Oil Stocks Fall, But Gasoline Stocks Deliver a Surprise: In a similar vein, the Energy Department’s weekly stockpiles report delivered a bit of a contradiction, with crude inventories falling more than 3 million barrels but gasoline stocks rising more than 1 million barrels. The crude inventory draw was slightly larger than expected, but the gasoline build was also larger than expected. The U.S. is now in the prime summer “driving season,” when crude stocks tend to get drawn down to produce more gas, and data show that U.S. drivers are logging record miles this year. So a large build in gas supplies is a bit befuddling, especially with gas prices still about 40 cents a gallon below year-ago levels. Some analysts think the rise in gas stocks reflects refiners getting a bit ahead of themselves and adding too quickly to gasoline production, The Wall Street Journal reported.

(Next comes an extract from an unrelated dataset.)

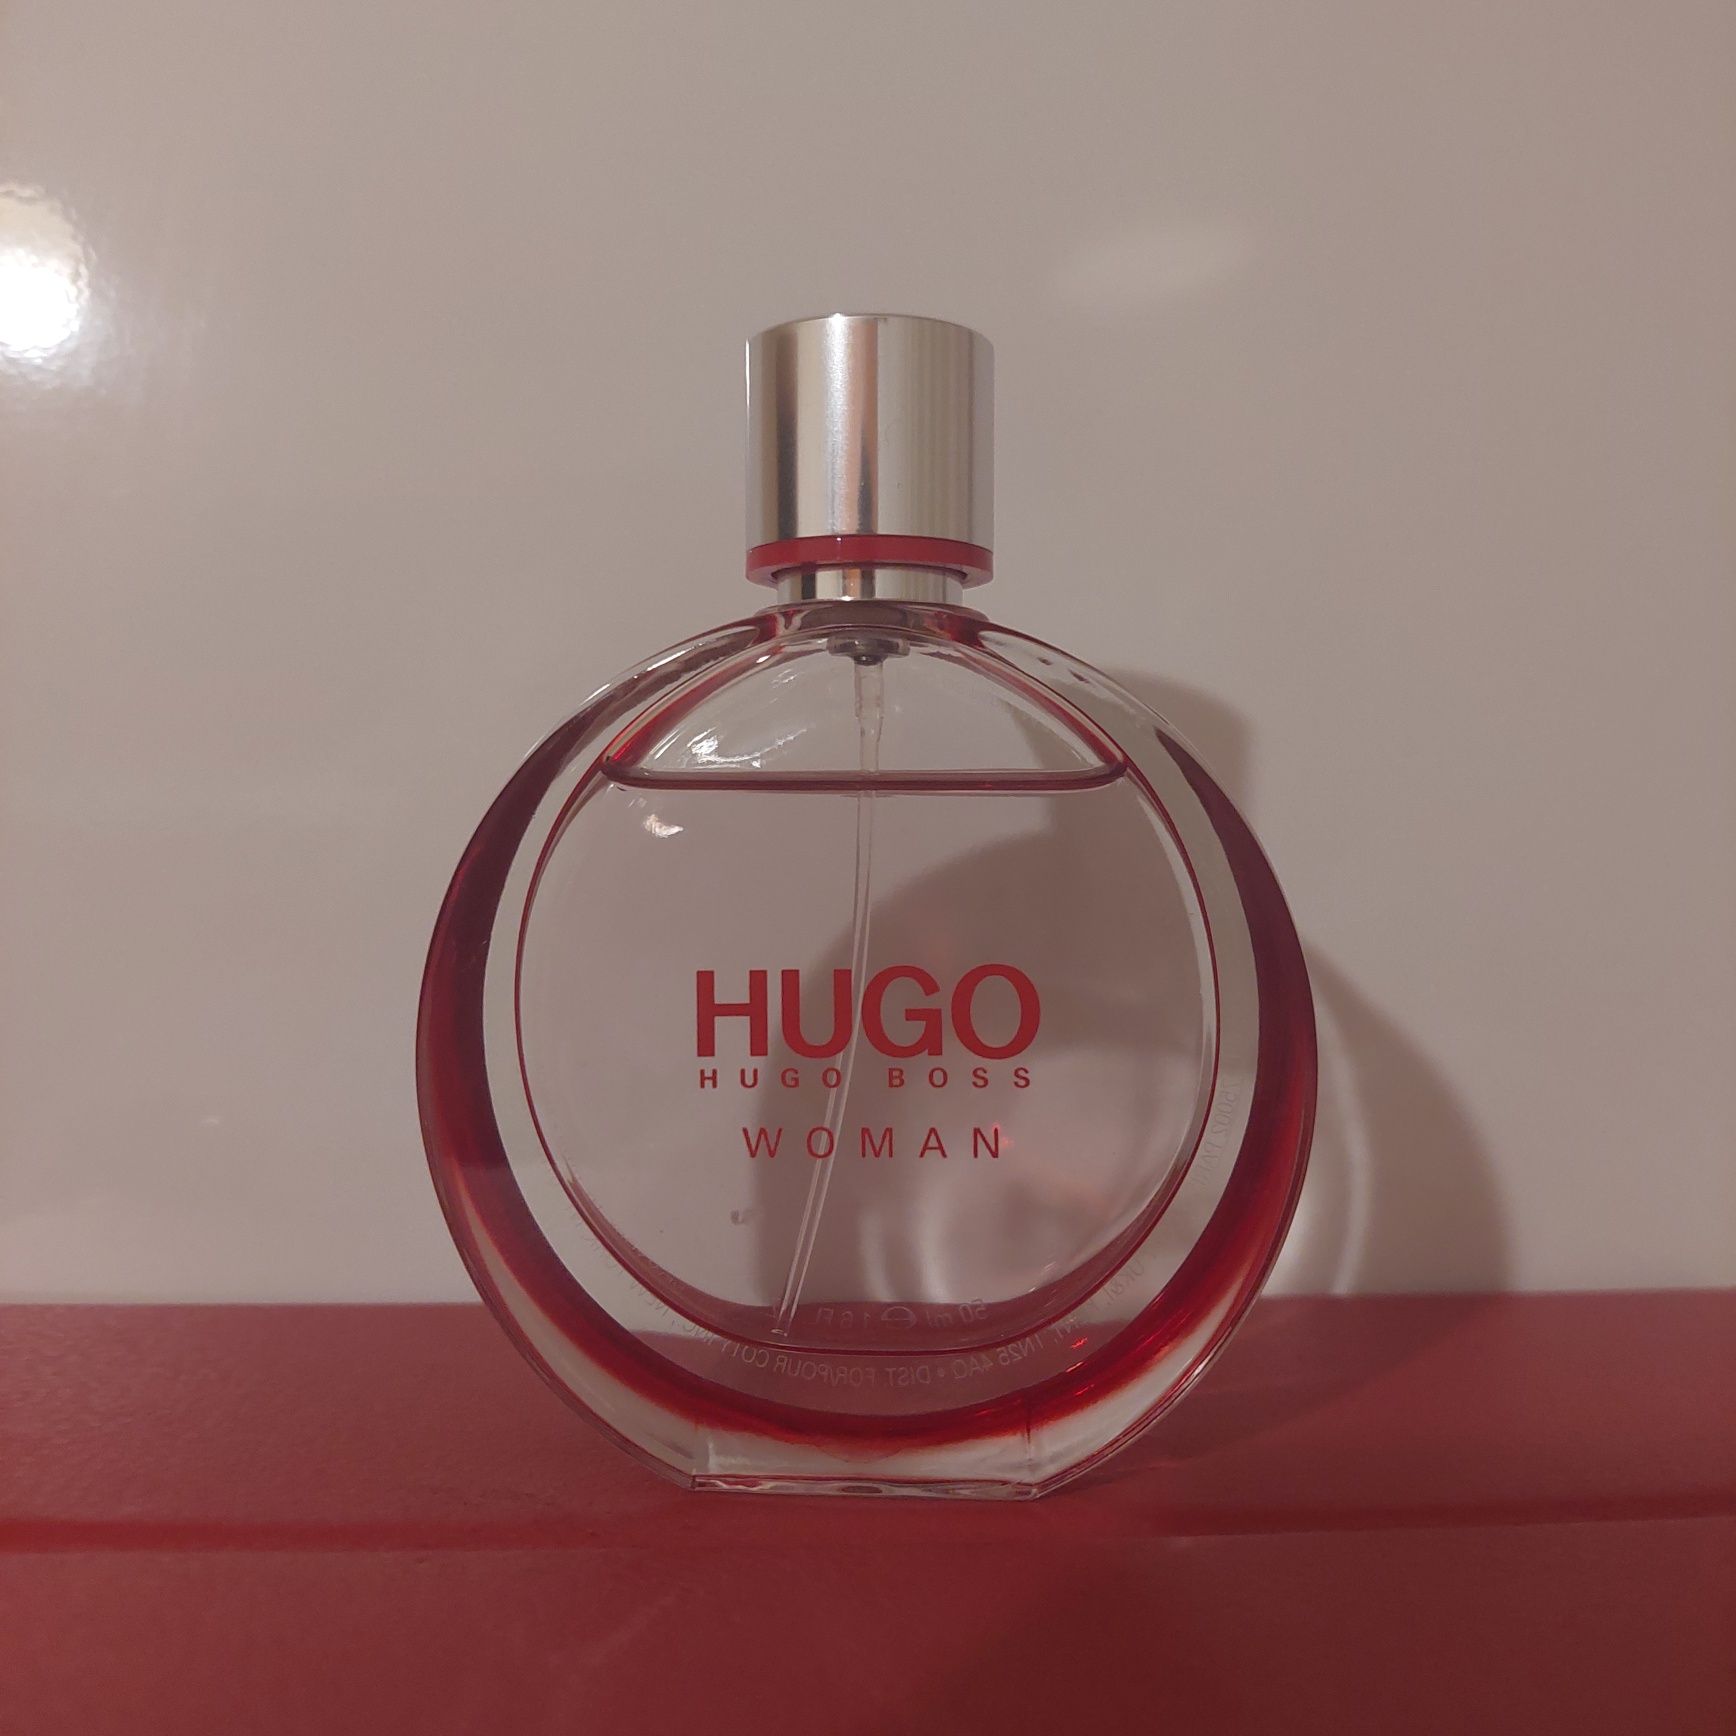 Hugo boss/ Hugo woman,50 ml
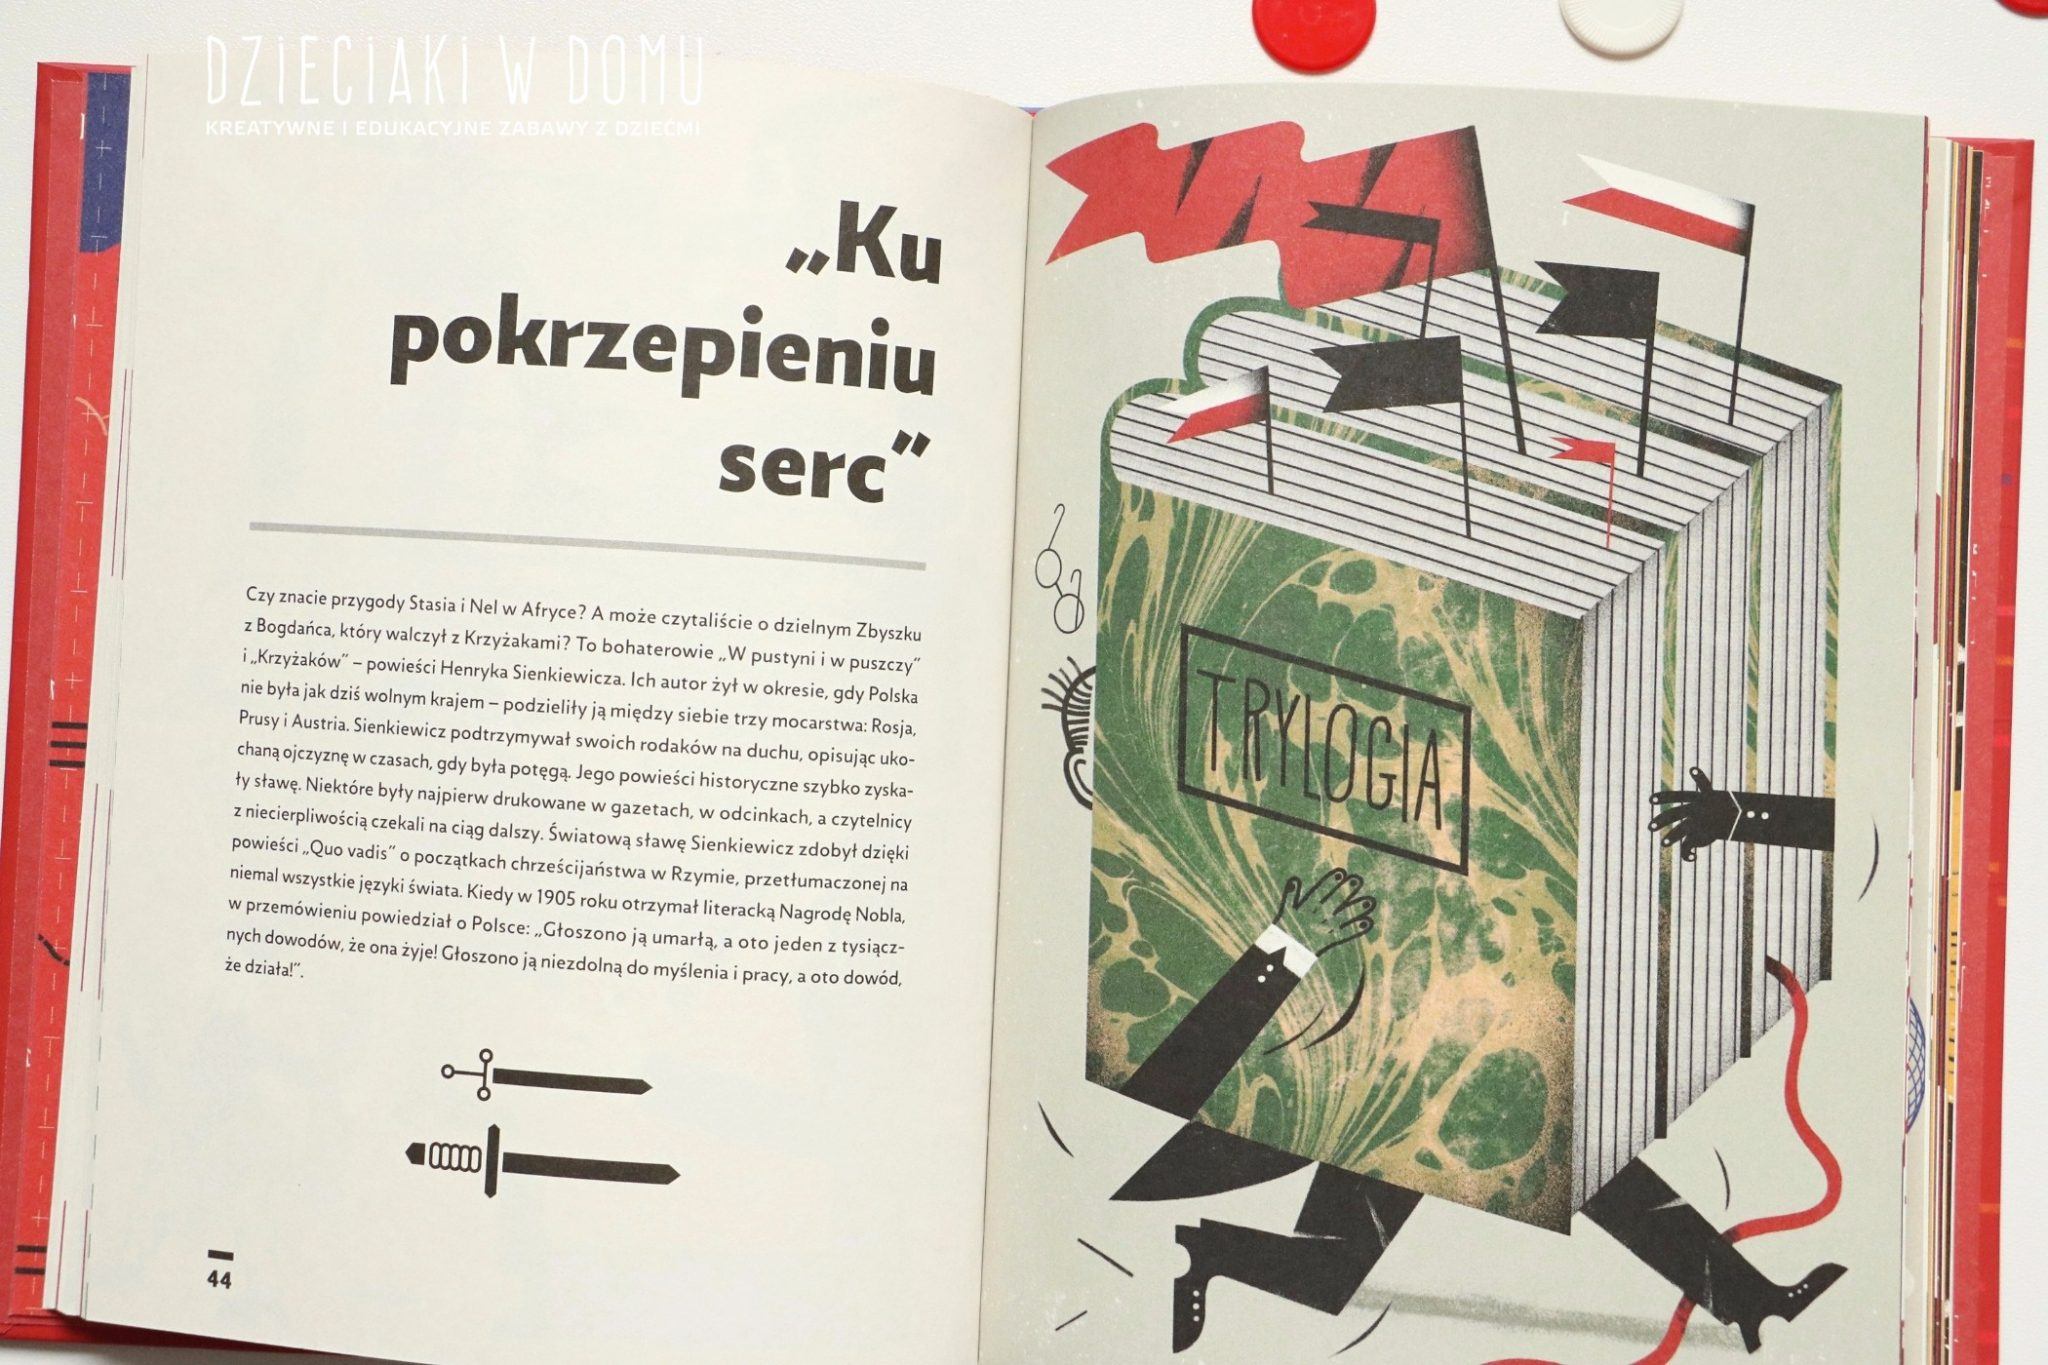 ksiazki patriotyczne dla dzieci - polska, symbole narodowe, świeta narodowe

Apres Ski, Anyone? The middle of June seems like the last time people would think about skiing, particularly in the northern hemisphere. But that doesn’t mean there’s no news from the high country. In fact, Vail Mountain Resorts (MTN) reported earnings before Thursday’s open and has a conference call scheduled for later in the morning. Vail, which operates nine resorts, mostly in the U.S., had a good ski season last winter, with lift revenue rising more than 19% and total skier visits up 13%. Though company itself is relatively small, its results can help give a sense of where high-income consumers are spending their money. Of course, if the snow doesn’t fall, that can factor into results as well. Last year happened to be quite a good snow season across much of the western U.S. Is it too soon to start tuning up the edges in preparation for winter 2016-17?